Through their relationship Jerry moves from the charms of sexual and vital attraction to discover the greater richness and sweetness of lasting affection. As in the case of Mae Braddock in Cinderella Man, Dorothy’s intense goodwill and affection are a powerful support for her lover’s high achievement.
Edward & Elinor (Sense & Sensibility)
Elinor, Marianne and Margaret are daughters of Mr. Dashwood who died leaving his wife and daughters with very little means to support themselves. Elinor develops an affection for Mr. Edward Ferrars, her sister-in-law's wealthy brother, and her feelings appear to be reciprocated. Edward has been engaged for many years to Lucy Steele, whom he met in his youthful days but does not love anymore. He wants to tell Elinor about it, but he does not find a suitable opportunity. Later Elinor hears about it from Lucy herself and is heartbroken. Though Elinor and Edward harbor strong feelings of love for one another, he feels bound by his commitment to Ms. Steele. Elinor feels resigned to accept that commitment and remain an aging spinster. Then suddenly Edward receives a letter from Lucy informing him that she has fallen in love with his brother, Robert, and they have married.
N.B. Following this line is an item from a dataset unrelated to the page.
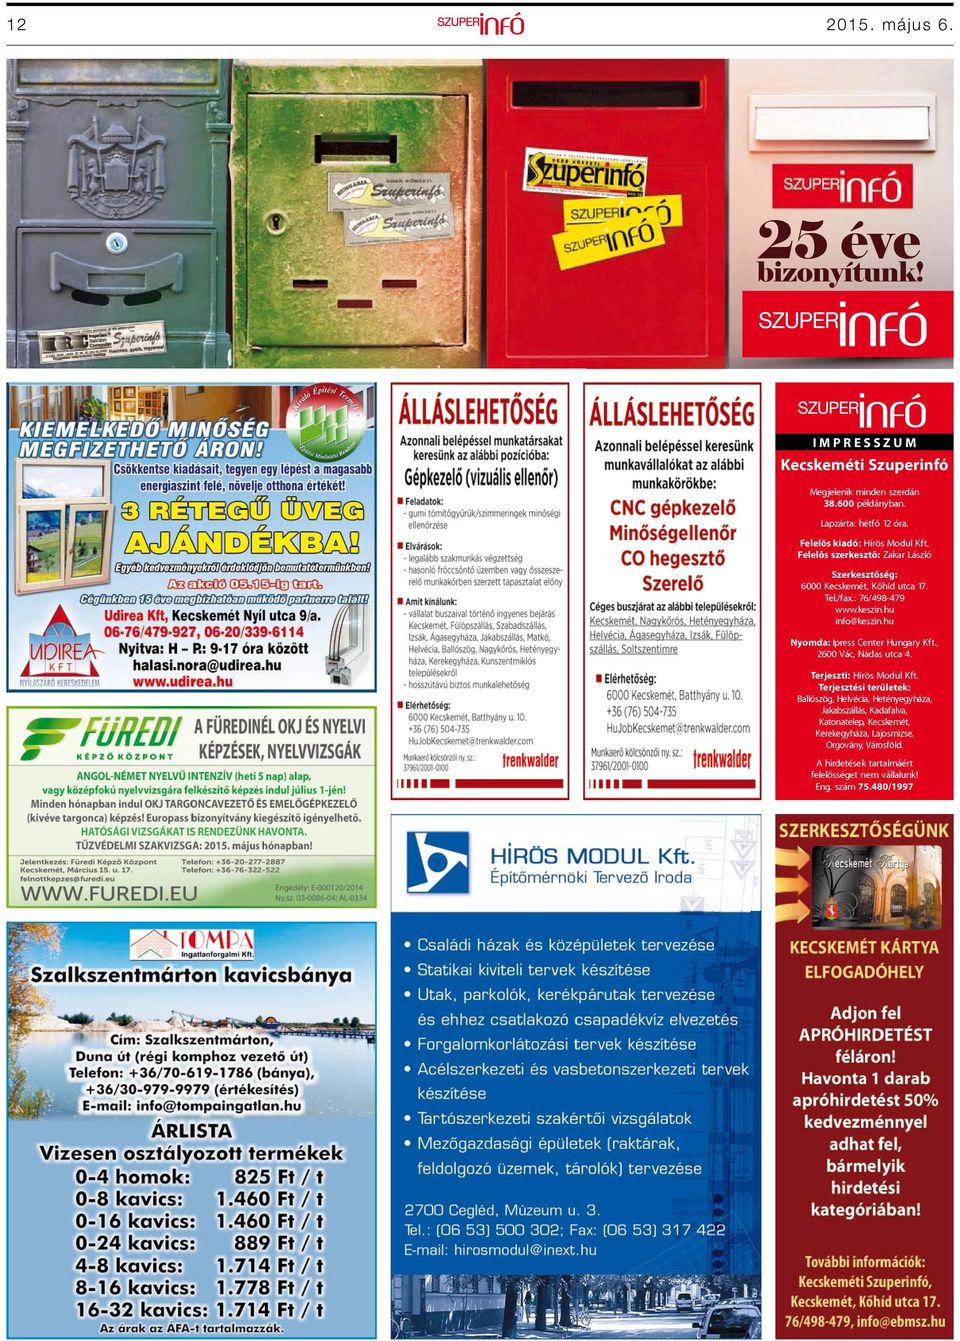 hu info@keszin.hu Nyomda: Ipress Center Hungary Kft., 2600 Vác, Nádas utca 4. Terjeszti: Hírös Modul Kft.

Edward goes to Elinor to express his true feelings and they are reunited happily in the end.
The story vividly represents the power of pure emotions, unmixed by possessiveness, impulsive attachment, egoism or assertiveness. Elinor controls and refrains from expressing her deep affection for Edward until the power of her love removes all obstacles and brings her love to her. Her love is sharply contrast to the flighty impulsive physicality of her sister Marianne, described in Level 2.